If you’re not optimizing images for your website, you are hurting your search ranking — and costing your business potential customers and clients.
The speed at which a page loads is a crucial factor in how it performs based on Google’s most recent updates. Sites are ranked more and more by user experience, which Google determines by user behaviour when accessing and engaging with your site. If someone visits your site and leaves quickly leaves without taking a second action (referred to as a “bounce”), this can tell Google that the site didn’t live up to expectations.
As you can imagine, a slow-loading site is going to cause potential visitors to give up.
This article was originally published on Forge & Smith in 2016. This article is for reference and archive as the information may be out of date. For the latest image optimization tips – get in touch!
How to optimize images
Start by checking your website speed load in Google Analytics or using Google PageSpeed Insight.
Images are the heaviest load items for most websites, so they need careful attention to ensure they don’t cause lengthy delays that will annoy mobile visitors. You can have high-quality text content, but if no one waits around long enough to read it, it becomes worthless.
Most digital marketing strategies include regular updates to news and blog content — you can get our site audit checklist and spreadsheet in this content strategy article). One of the best ways to enhance your old content and make it enticing is with visuals. But if the images are slowing down your site’s load time, they can do more harm than good.
The key isn’t to reduce the use of images or to stop using them altogether, but to optimize them! We’ve put together a checklist for optimizing images on your website.
1. Image dimensions
The first step is reviewing where the image will appear within the site — and what dimensions it requires.

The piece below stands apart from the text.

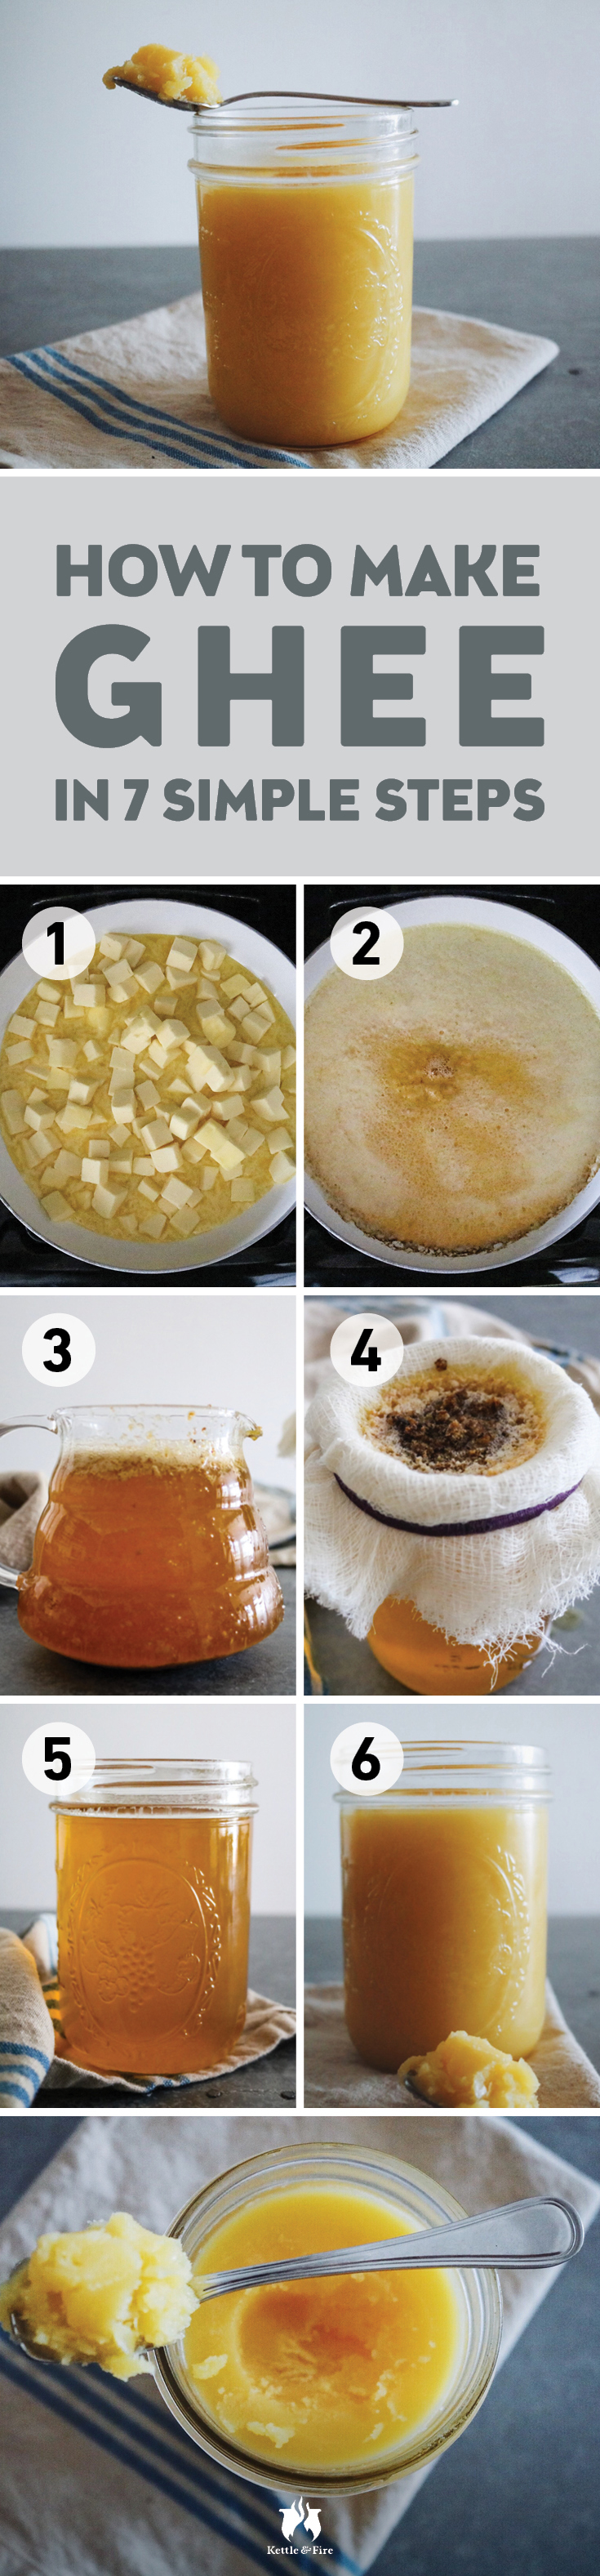 Ever wondered how to make ghee at home? We've got you covered with this simple step-by-step photo guide.

As we are dealing with responsive browser widths, it is the width of the image that is the most important (the height follows in proportion).
Most blogs will have different dimensions, so make sure you measure the image location! There are tools that will help you measure the actual screen pixel dimensions such as Page Ruler and Jing.
For the Forge and Smith blog, the largest width for in-text images is 780px wide. If you’re on a desktop, you can try extending your browser width — it will always cap out at 780px maximum (without zoom). On mobile devices the image scales down to 480px (or even smaller), but never larger.
Retina displays will show twice as many pixels (1560px for the image above). It is important to consider if the extra load time is worth the payoff of loading these crisper images.
2. Image format
There are two predominant image formats for the web that you should be using (animated GIF files aside):
- JPG: Generally the best format for most types of images, due to its compression options (covered in the next section).
- PNG: Great for Illustrations, or diagrams with lots of flat, solid colour blocks (such as infographics and icons).
As a general rule JPG is the best fallback, but you can also save a graphic in both versions and see which file size is smallest.
Special note: JPG format is now considered outdated by Google. PNG has many compression options now which make it ideal for all image formats. The new WEBP format is recommended by Google (note added January 2020).
3. Image compression
JPG images provide the best compression options for photographs. I use Photoshop to optimize images, but there are many free tools out there that achieve similar results.
There is a range of JPG compression settings with quality from 1 to 100 (notice the difference in colour and detail):
The trick here is to find the right balance between a good-looking image and a compressed file. I use a range between 60-80. Around 50 or below you will see image inconsistencies and artifacts.
4. File size
All of this optimizing is intended to reduce the file size, so before uploading make one final check that the image size is suitable. Anything over 400kb should raise a flag, and indicates that you probably haven’t optimized it.
Optimizing images for your website is an important step to ensure the best customer experience. A happy customer stays on your website longer and views more pages while visiting. These behaviours tell Google that your site is high-quality and helpful — and that it should be shown higher up in search results.